Autodiscovery is based on your unique requirements and can be scheduled to keep your CMDB updated. The process is not network load intensive because autodiscovery only collects and reports inventory data. You can schedule many autodiscoveries in a day or even in an hour. The autodiscovery frequency depends on the amount of change occurring in the data center, as more change requires more frequent autodiscovery jobs.

This article provides an overview of autodiscovery best practices and logic. It includes information on how to schedule discoveries to keep your CMDB updated, the recommended sequence for initial discovery, and how the system reconciles data across different scanning methods to build comprehensive device profiles.

Building comprehensive discovery profiles

As more autodiscoveries are run, a comprehensive device profile is constructed by matching data such as the serial number, UUID, and device name collected during subsequent discovery stages. This information is used to construct impact and dependency mapping charts.

Initial discovery sequence

While the discoveries can be run in any order, the following order is suggested to minimize reconciliation work:

• Network: Network autodiscovery builds your Layer 2 network landscape and pulls in your network devices inventory, VLANs, subnets, IP addresses, MAC addresses, and more.

• V-Server: V-Server autodiscovery collects data from hypervisors such as VMware, Citrix Xen, libvirt, and oVirt.

• Windows/Linux/Hyper-V: This stage brings in Windows, Linux, and Hyper-V machine data.

• Cloud autodiscovery: This brings in virtual machine and storage data from Amazon Web Services, Microsoft Azure, Cloudstack, OpenStack, and other platforms.

• Blade: Blade server autodiscovery identifies the blade chassis, blade servers, and their location within the chassis. By matching serial numbers to previously discovered data, a comprehensive blade database is built.

• IPMI: Intelligent Platform Management Interface (IPMI) defines a set of interfaces used for out of band management and monitoring. It is recommended to run this last because IPMI might not have the correct hostname, but it will reconcile with a server discovered by other methods based on serial numbers.

Matching devices

Autodiscovery checks against the serial number, UUID, and name, in that order, to determine if it should update an existing device or create a new one. When looking for a name, the system also looks at any aliases that exist for a device.

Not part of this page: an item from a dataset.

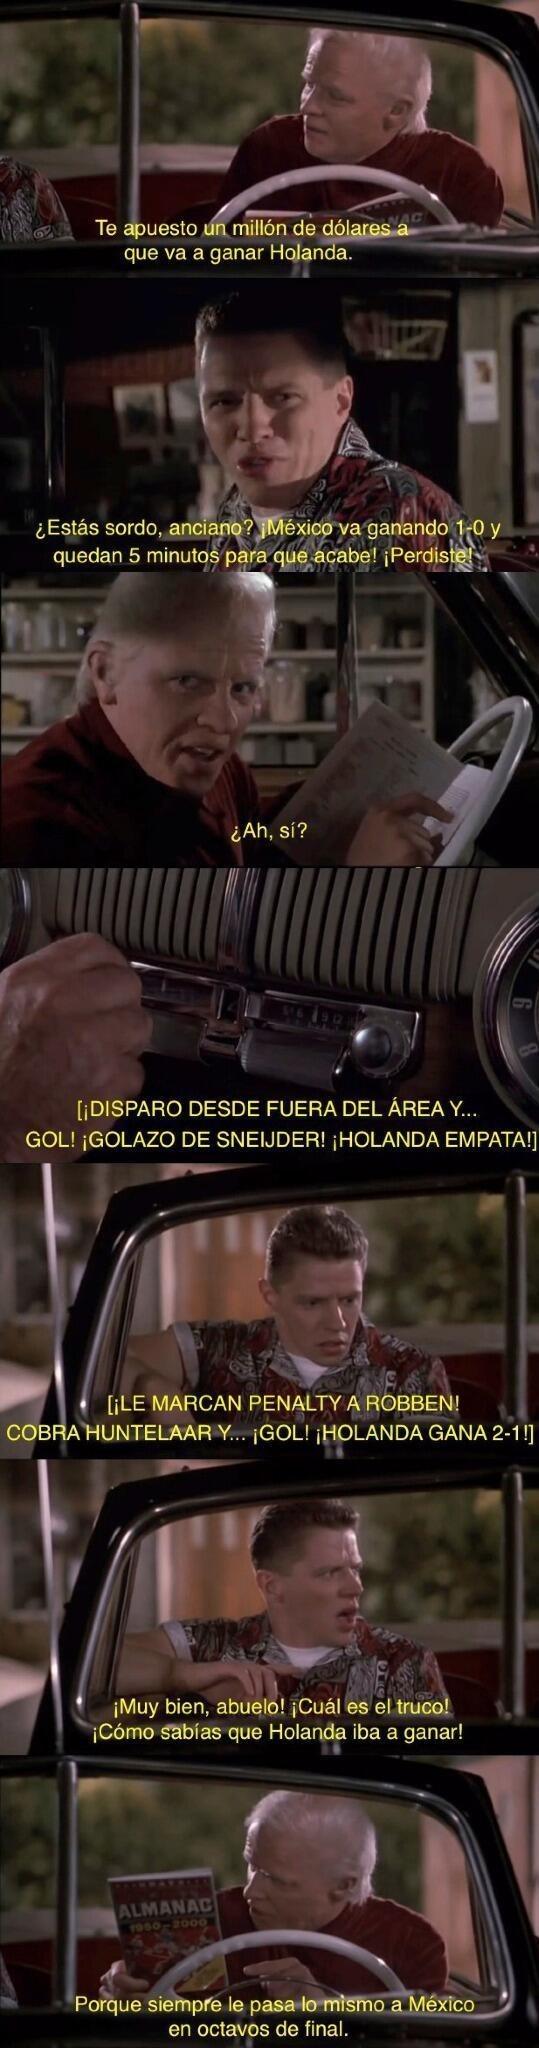 mexico holanda

The latest discovered information on an existing device is always used. For example, if there was a manual change to a device stating it has two CPUs, and an autodiscovery job pulls information for this device with three CPUs, the newer discovered data overrides the old entry.

Execute an autodiscovery scan

To run an autodiscovery scan and aggregate data, follow these steps:

1. Go to Admin > Asset Management > Scan and discover.

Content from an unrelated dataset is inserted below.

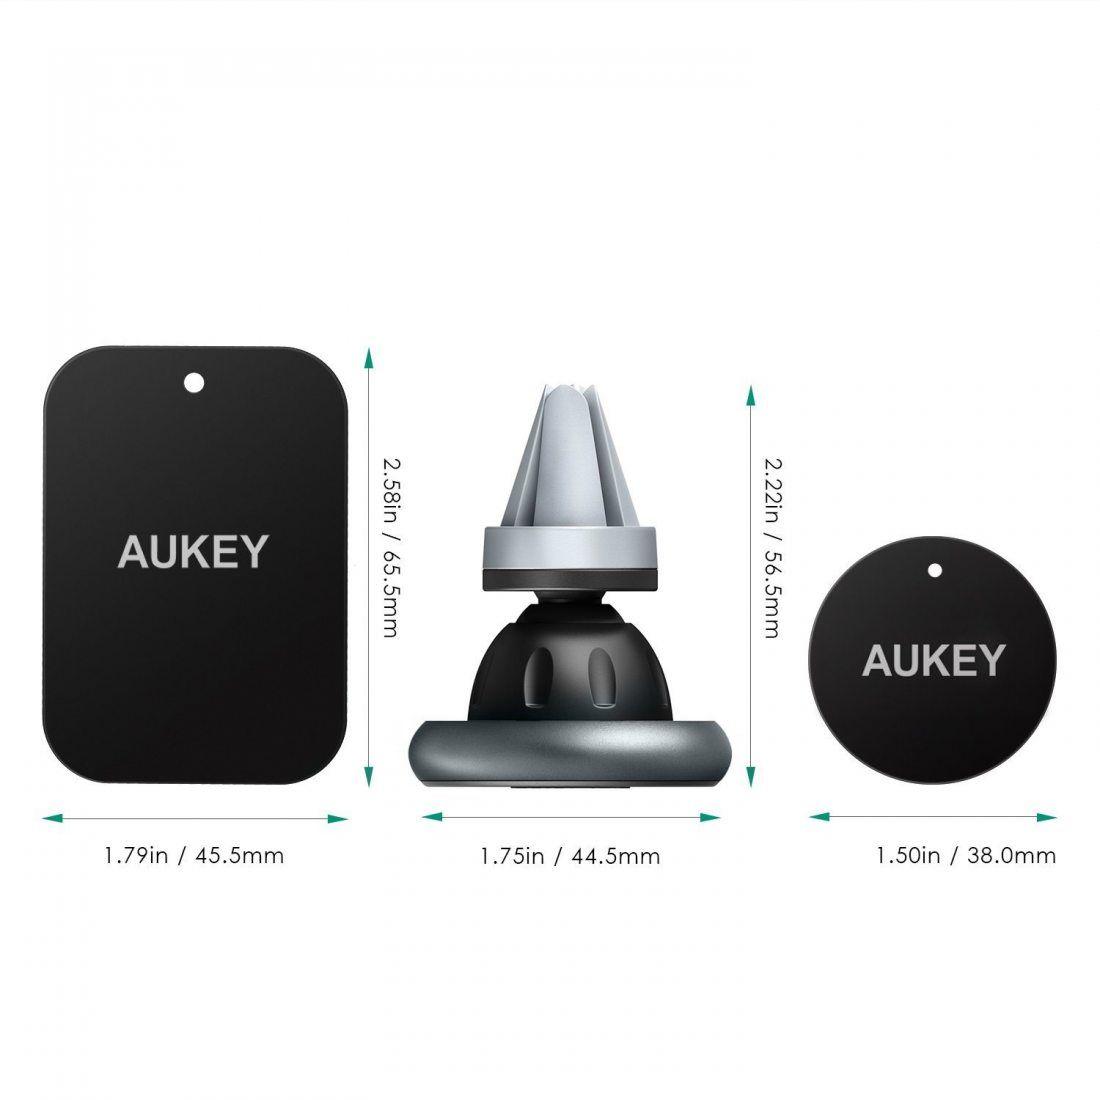 Aukey HD-C12 Support de Smartphone pour voiture pour iPhone 6/6S/Samsung Galaxy/Nexus/etc. Gris Sidéral

2. Select the discovery method based on the recommended sequence (Network, then V-Server, then OS-specific scans).

3. Configure the discovery profile by entering the IP range or cloud credentials.

4. Schedule the discovery frequency based on your data center change rate.

5. Click Save and Run.

Caution: Do not set up an autodiscovery scan using critical production account credentials. Create a separate, dedicated account to use only for discovery. Account lockout could result in an otherwise avoidable outage depending on your permissions and configured password policies.

Example discovery scenario

To understand how data is aggregated, consider the following flow:

1. Network discovery identifies the switch, its serial number, the number of ports, and the MAC addresses associated with each port.

2. V-Server (Hypervisor) discovery identifies the hypervisor’s IP and MAC address data that links it to the network switch port data. This adds hosts, virtual machines, and operating system information to the CMDB.

3. Blade discovery identifies the serial number and adds details about the chassis and the slot where the blade is located.

4. Native OS discovery (Windows/Linux) matches the serial number and UUID. New data is added, including the number of CPUs, RAM, VM version, and other OS related information.

The result is a comprehensive profile of the discovered devices, their characteristics, locations, software, and the physical and virtual interdependencies.